L1-norm and L2-norm regularization doc (dotnet#3586)

wschin · web-flow · commit a1b5eaabedda · 2019-05-28T10:37:25.000-07:00
diff --git a/docs/api-reference/algo-details-sdca-refs.md b/docs/api-reference/algo-details-sdca-refs.md
@@ -0,0 +1,8 @@
+For more information, see:
+* [Scaling Up Stochastic Dual Coordinate
+  Ascent.](https://www.microsoft.com/en-us/research/wp-content/uploads/2016/06/main-3.pdf)
+* [Stochastic Dual Coordinate Ascent Methods for Regularized Loss
+  Minimization.](http://www.jmlr.org/papers/volume14/shalev-shwartz13a/shalev-shwartz13a.pdf)
+
+
+Check the See Also section for links to examples of the usage.
diff --git a/docs/api-reference/algo-details-sdca.md b/docs/api-reference/algo-details-sdca.md
@@ -27,36 +27,3 @@ and therefore everyone eventually reaches the same place. Even in
 non-strongly-convex cases, you will get equally-good solutions from run to run.
 For reproducible results, it is recommended that one sets 'Shuffle' to False and
 'NumThreads' to 1.
-
-This learner supports [elastic net
-regularization](https://en.wikipedia.org/wiki/Elastic_net_regularization): a
-linear combination of the L1 and L2 penalties of the [lasso and ridge
-methods](https://www.datacamp.com/community/tutorials/tutorial-ridge-lasso-elastic-net).
-It can be specified by the 'L2Const' and 'L1Threshold' parameters. Note that the
-'L2Const' has an effect on the number of needed training iterations. In general,
-the larger the 'L2Const', the less number of iterations is needed to achieve a
-reasonable solution. Regularization is a method that can render an ill-posed
-problem more tractable and prevents overfitting by penalizing model's magnitude
-usually measured by some norm functions. This can improve the generalization of
-the model learned by selecting the optimal complexity in the [bias-variance
-tradeoff](https://en.wikipedia.org/wiki/Bias%E2%80%93variance_tradeoff).
-Regularization works by adding the penalty that is associated with coefficient
-values to the error of the hypothesis. An accurate model with extreme
-coefficient values would be penalized more, but a less accurate model with more
-conservative values would be penalized less.
-
-L1-nrom and L2-norm regularizations have different effects and uses that are
-complementary in certain respects.
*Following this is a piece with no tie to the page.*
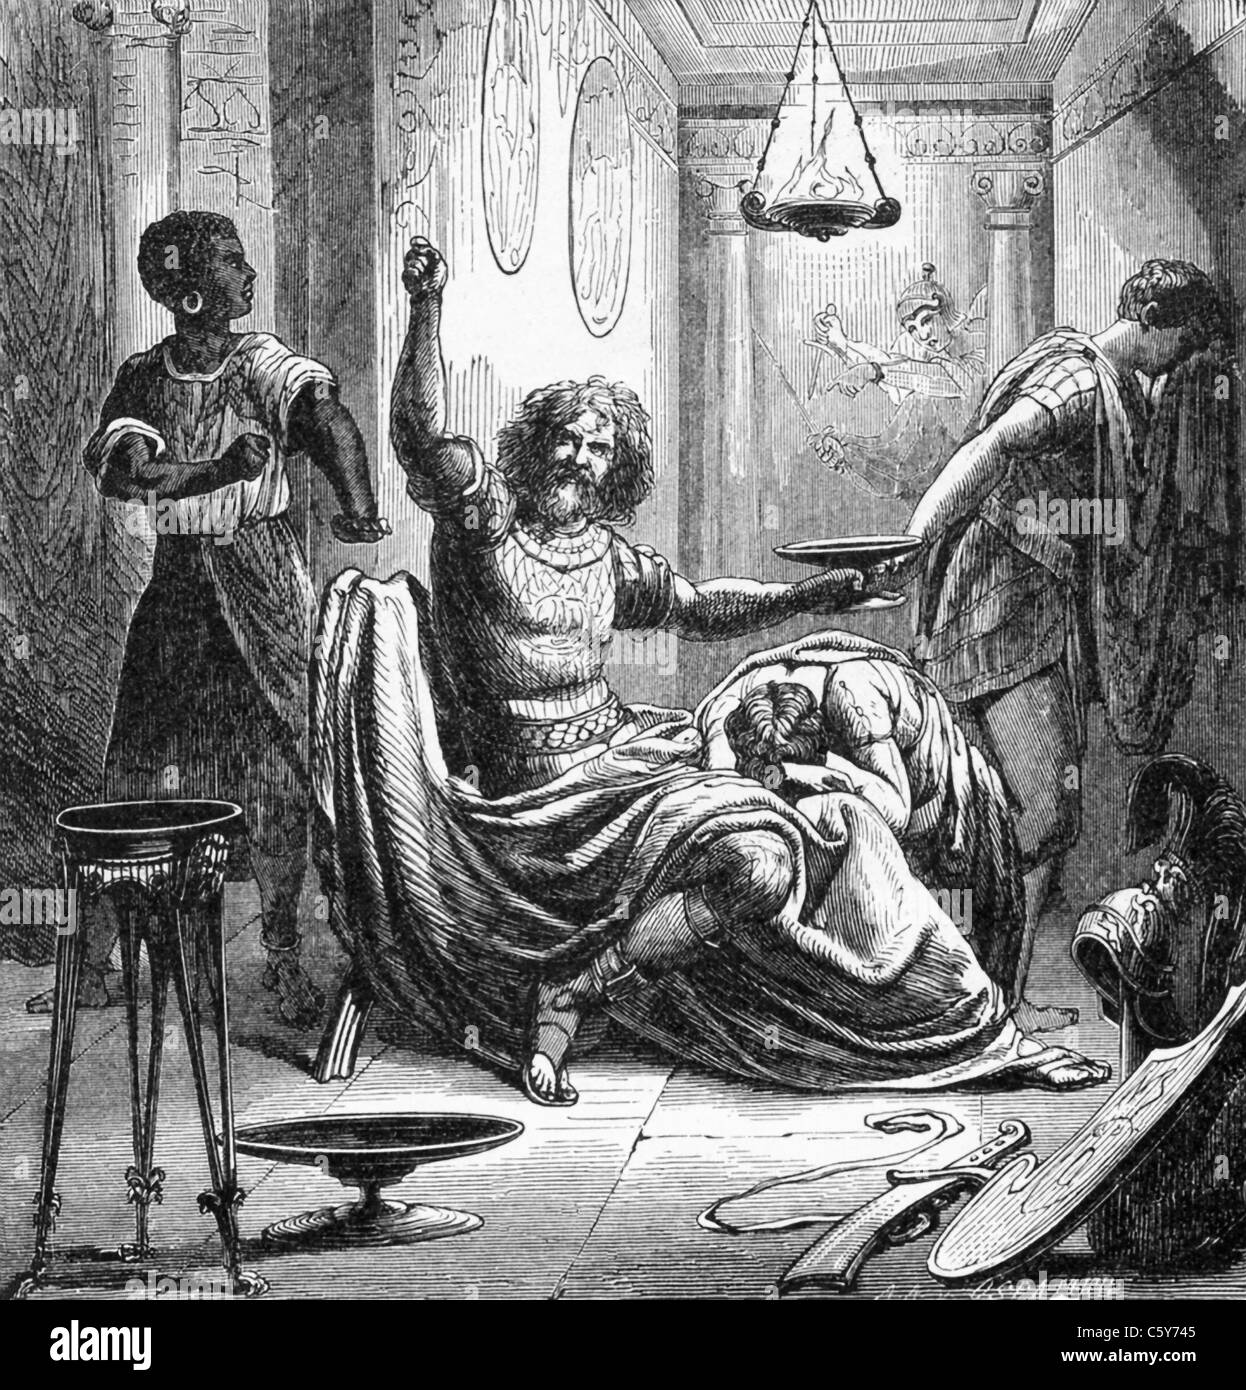 Carthaginian Hannibal nahm vergiften, dass hieß es, dass er in einer Phiole in seinen Ring zu vermeiden, fallen in römische Hände gehalten hatte. Stockfoto

Using L1-norm can increase sparsity of the
-trained $\textbf{w}$. When working with high-dimensional data, it shrinks small
-weights of irrevalent features to 0 and therefore no reource will be spent on
-those bad features when making prediction. L2-norm regularization is preferable
-for data that is not sparse and it largely penalizes the existence of large
-weights.
-
-For more information, see:
-* [Scaling Up Stochastic Dual Coordinate
-  Ascent.](https://www.microsoft.com/en-us/research/wp-content/uploads/2016/06/main-3.pdf)
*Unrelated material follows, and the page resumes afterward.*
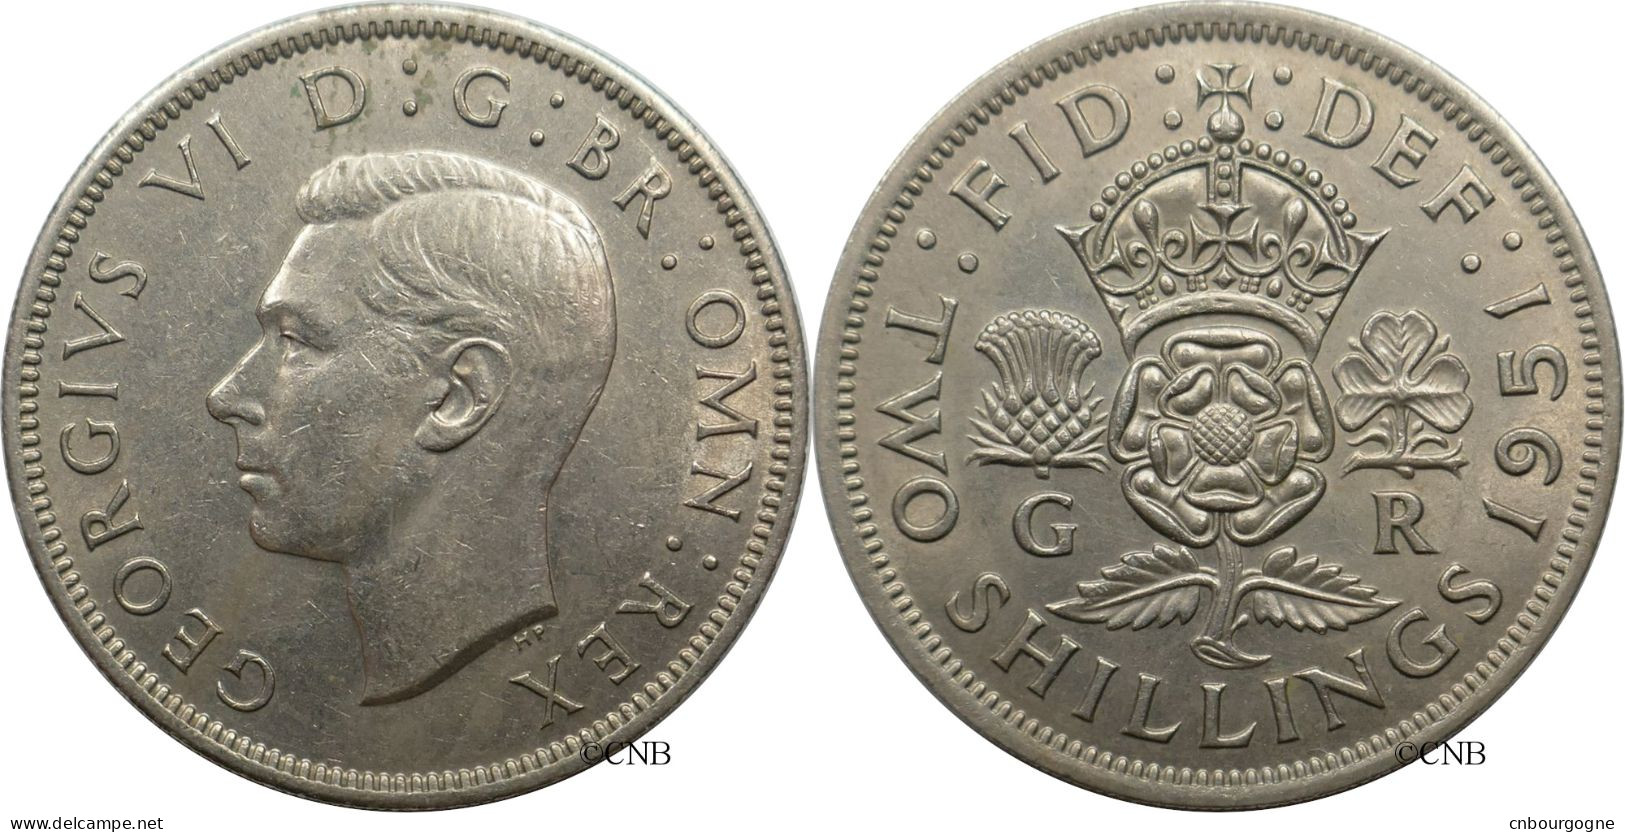 Royaume-Uni - George VI - Two Shillings 1951 - SUP/AU55 - Mon6203 - J. 1 Florin / 2 Schillings

-* [Stochastic Dual Coordinate Ascent Methods for Regularized Loss
-  Minimization.](http://www.jmlr.org/papers/volume14/shalev-shwartz13a/shalev-shwartz13a.pdf)
-
-Check the See Also section for links to examples of the usage.
diff --git a/docs/api-reference/regularization-l1-l2.md b/docs/api-reference/regularization-l1-l2.md
@@ -0,0 +1,28 @@
+This class uses [empricial risk minimization](https://en.wikipedia.org/wiki/Empirical_risk_minimization) (i.e., ERM)
+to formulate the optimization problem built upon collected data.
+Note that empricial risk is usually measured by applying a loss function on the model's predictions on collected data points.
+If the training data does not contain enough data points
+(for example, to train a linear model in $n$-dimensional space, we need at least $n$ data points),
+[overfitting](https://en.wikipedia.org/wiki/Overfitting) may happen so that
+the model produced by ERM is good at describing training data but may fail to predict correct results in unseen events.
+[Regularization](https://en.wikipedia.org/wiki/Regularization_(mathematics)) is a common technique to alleviate
+such a phenomenon by penalizing the magnitude (usually measured by the
+[norm function](https://en.wikipedia.org/wiki/Norm_(mathematics))) of model parameters.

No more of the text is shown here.